Cost per click (CPC) and cost per mille (CPM) surged sharply across Meta and Google in Q2 2025 - and iGaming felt it harder than most. As auctions became denser and regulatory targeting narrowed available inventory, advertisers faced steep increases in acquisition costs.
Data from RockApp campaigns, combined with Appsflyer and agency-side benchmarks, confirm the pressure. In key iGaming verticals, average CPC rose by 18-24%, and CPM increased by up to 30% on Meta. Google followed with more moderate but still notable growth - especially in branded and competitive keyword groups.
This is no longer a seasonal fluctuation - it's a shift in paid media economics. Here's how iGaming marketers are adapting.
Q2 2025 Ad Cost Trends: What the Numbers Show
Meta (Facebook & Instagram)
- CPC (iGaming vertical): +21% QoQ
- CPM (Tier-1 GEOs): Up to $32 average (vs $24 in Q1)
- Top cost drivers: Limited inventory, reduced optimization windows, aggressive auction bidding from fintech and crypto brands
- Best performing placements: Reels, Stories, Audience Network native
Google Ads (Search & UAC)
- CPC (branded queries): +14%
- CPC (non-branded): +20–22% across casino/slot terms
- CPM (UAC App campaigns): +17%
- Top pressure points: Auto-applied recommendations increasing bids; aggressive local campaigns by white-label operators
These jumps hit both acquisition and retargeting budgets. Campaigns without clear performance infrastructure suffered from inflated CPL and suppressed ROAS.
Why iGaming Was Hit Harder
Paid acquisition in iGaming depends on tight targeting, fast creative iteration, and precise pacing. In Q2, several forces aligned to increase friction:
- Ad policy restrictions limited audience expansion
- Auction intensity from non-iGaming verticals pushed up floor prices
- Regulatory updates in EU narrowed retargeting and lookalike pool depth
As a result, ROAS volatility increased by 15-20% across high-volume campaigns in regulated GEOs.

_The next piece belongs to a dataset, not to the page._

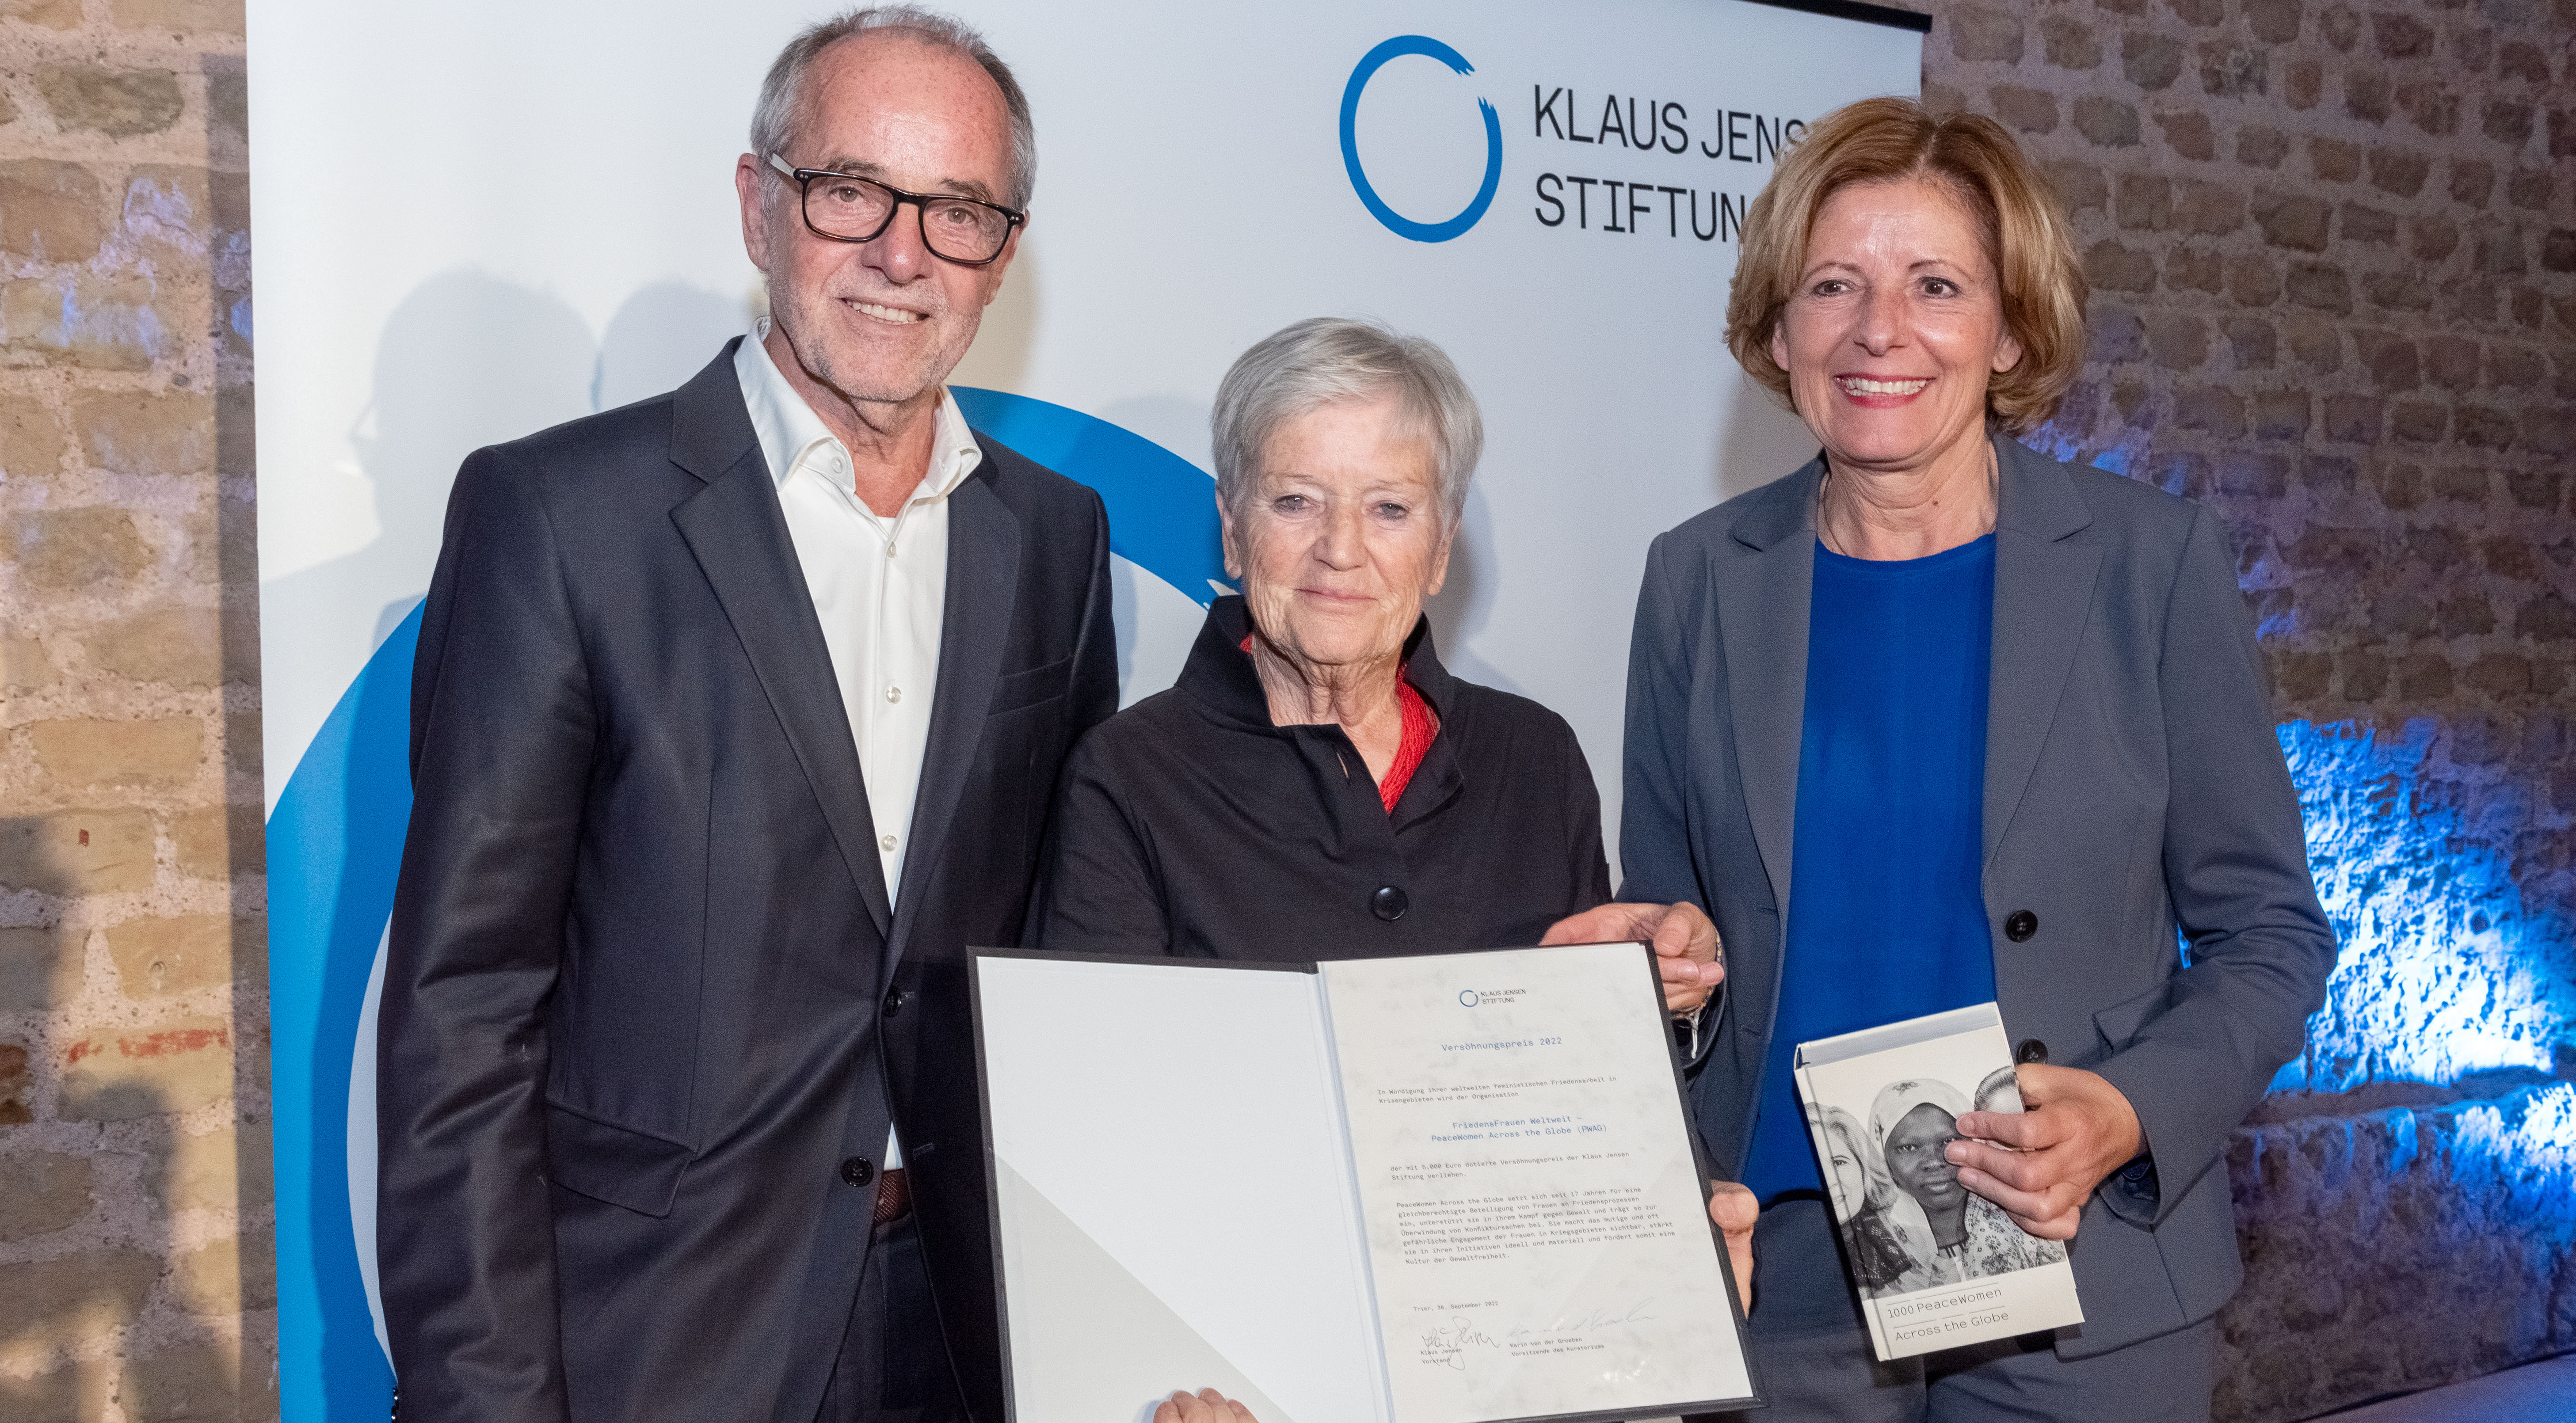 PeaceWomen Across the Globe receives Reconciliation Award of the Klaus Jensen Foundation
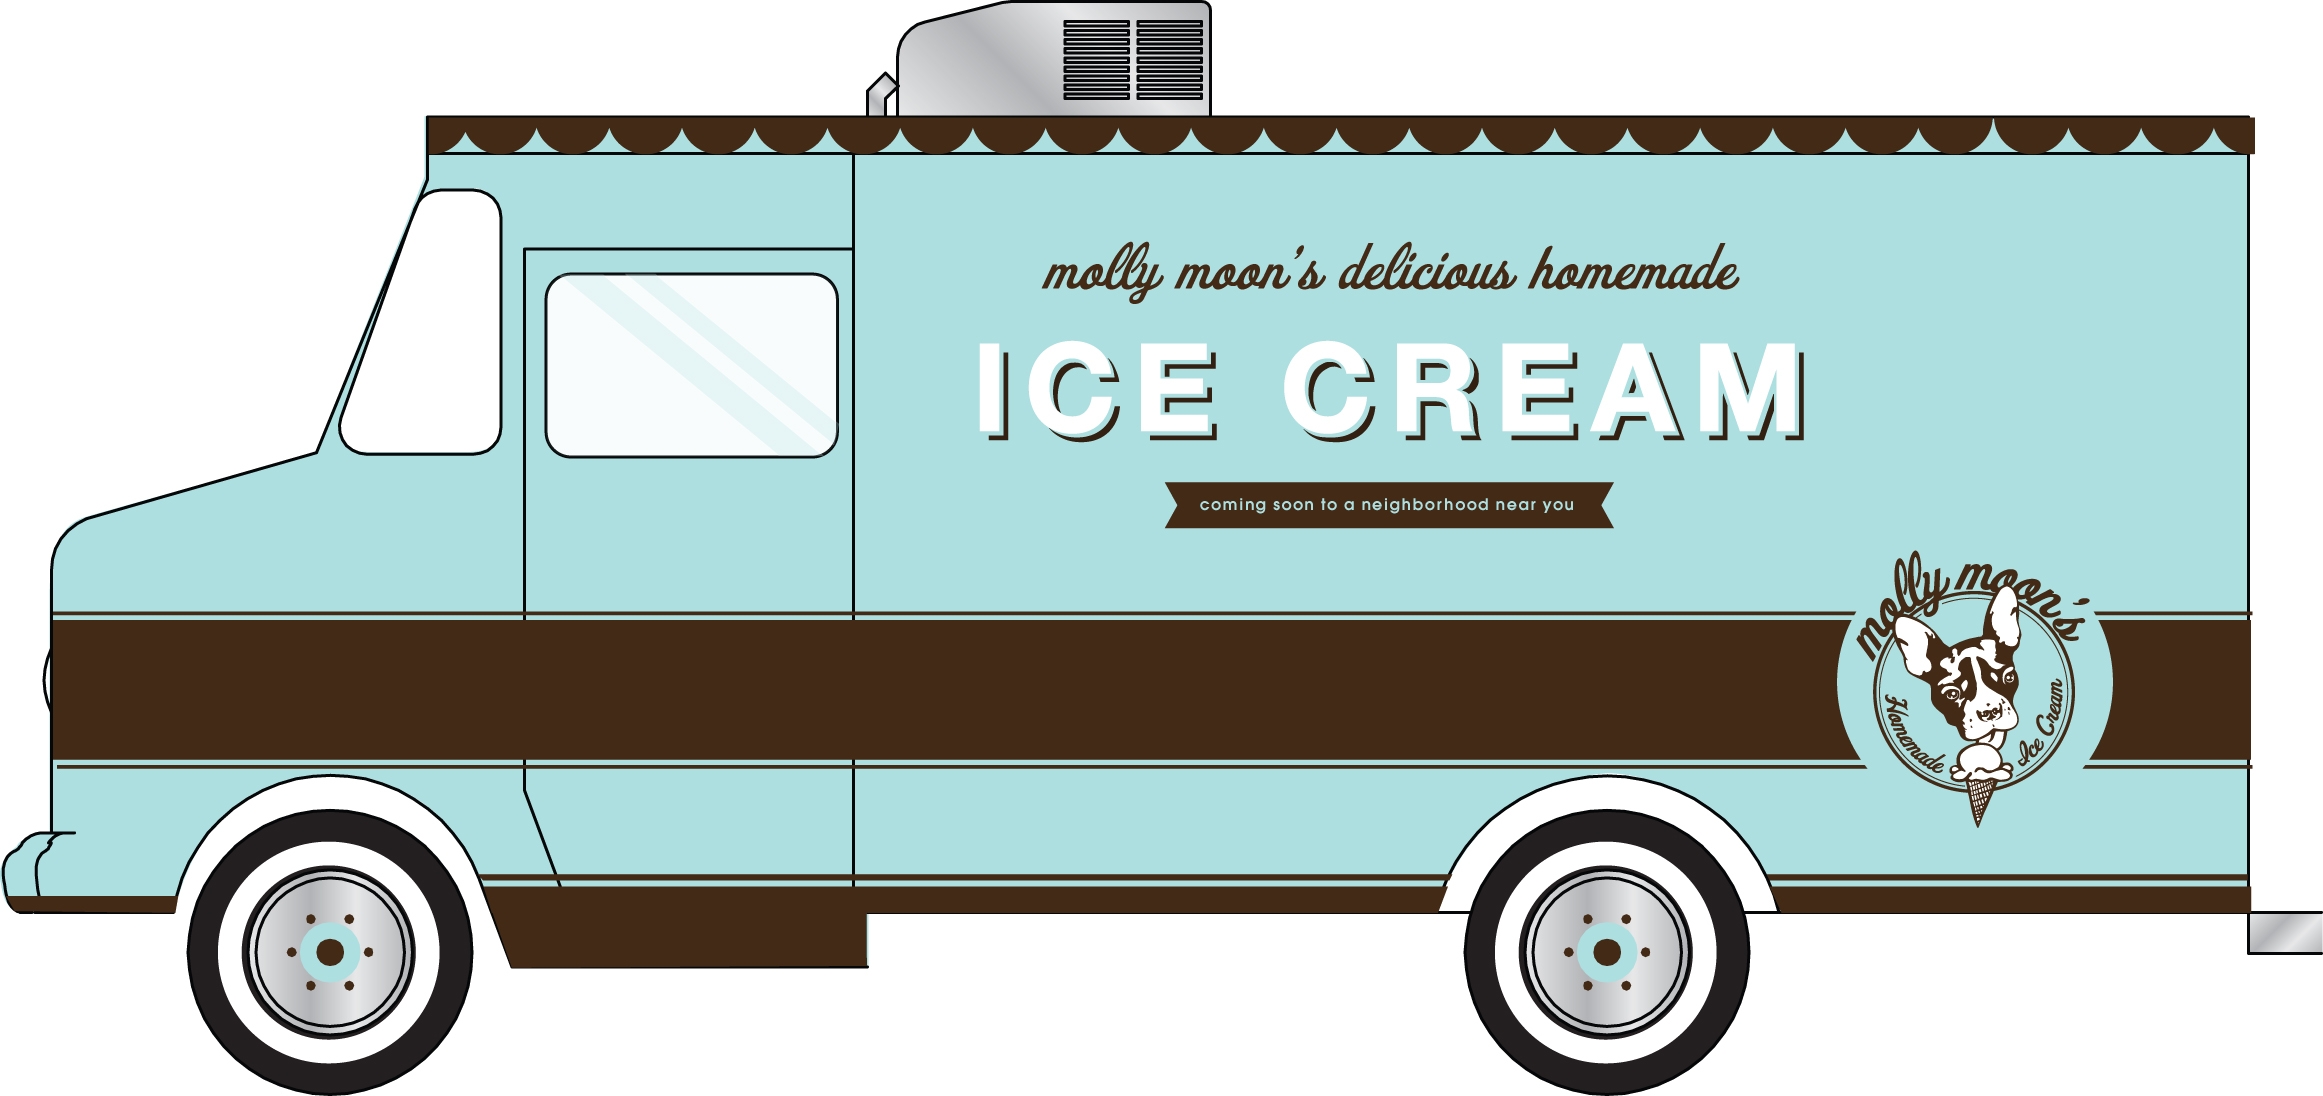 Molly Moon’s Ice Cream Truck at Coastal next week!

RockApp’s Performance-Proven Adjustments
Our teams restructured budget allocation and funnel strategy in Q2 to maintain CPA stability. Key levers included:
1. GEO Weight Rebalancing
Shifted ~27% of test budget to Tier‑2 GEOs with lower CPM floors and stable conversion quality - including parts of LATAM, CEE, and selected African markets.
2. Creative Signal Structuring
Used data-validated hooks with clear user journey mapping in first 3 seconds of video. Dynamic win state and compliance-safe overlays became standard.
3. Keyword Tiering & Pacing
Split brand campaigns into precision and conquest clusters, with pacing rules based on cost tolerance thresholds. Automated pausing by keyword CPI delta.
4. Retargeting Simplification
Consolidated audience pools for retargeting across Meta placements to concentrate signal density and improve frequency-to-conversion ratios.
Recommendations for Media Buyers in Q3
- Rebuild keyword structures. Align budgets to intent clusters. Avoid overlap between cold intent and conquest campaigns.
- Control creative burn. Prioritize ad units with performance lifecycle >4 days. Build variants that support multistage interaction.
- Plan creative refresh by GEO. Avoid global launches. Instead, roll out regionally to observe platform-specific fatigue.
- Pace retargeting by conversion window. Shorten refresh cycles in Tier‑1 GEOs, extend in mid-market regions.
- Hold margin-based CPA targets. If bids rise, match them only when downstream ROAS data justifies. Avoid chasing CPM without LTV validation.
Conclusion
Q2 2025 showed that performance buying in iGaming now demands more than campaign setup. It requires structure, signal depth, and strategic control. With costs rising, the strongest teams are those who adjust fast - not by chasing cheap traffic, but by reallocating smart, refreshing creatives with intent, and building systems that scale sustainably.
At RockApp, we continue to refine acquisition strategies built around cost control, creative performance, and GEO-specific infrastructure. The path forward is not to spend more - it’s to build better.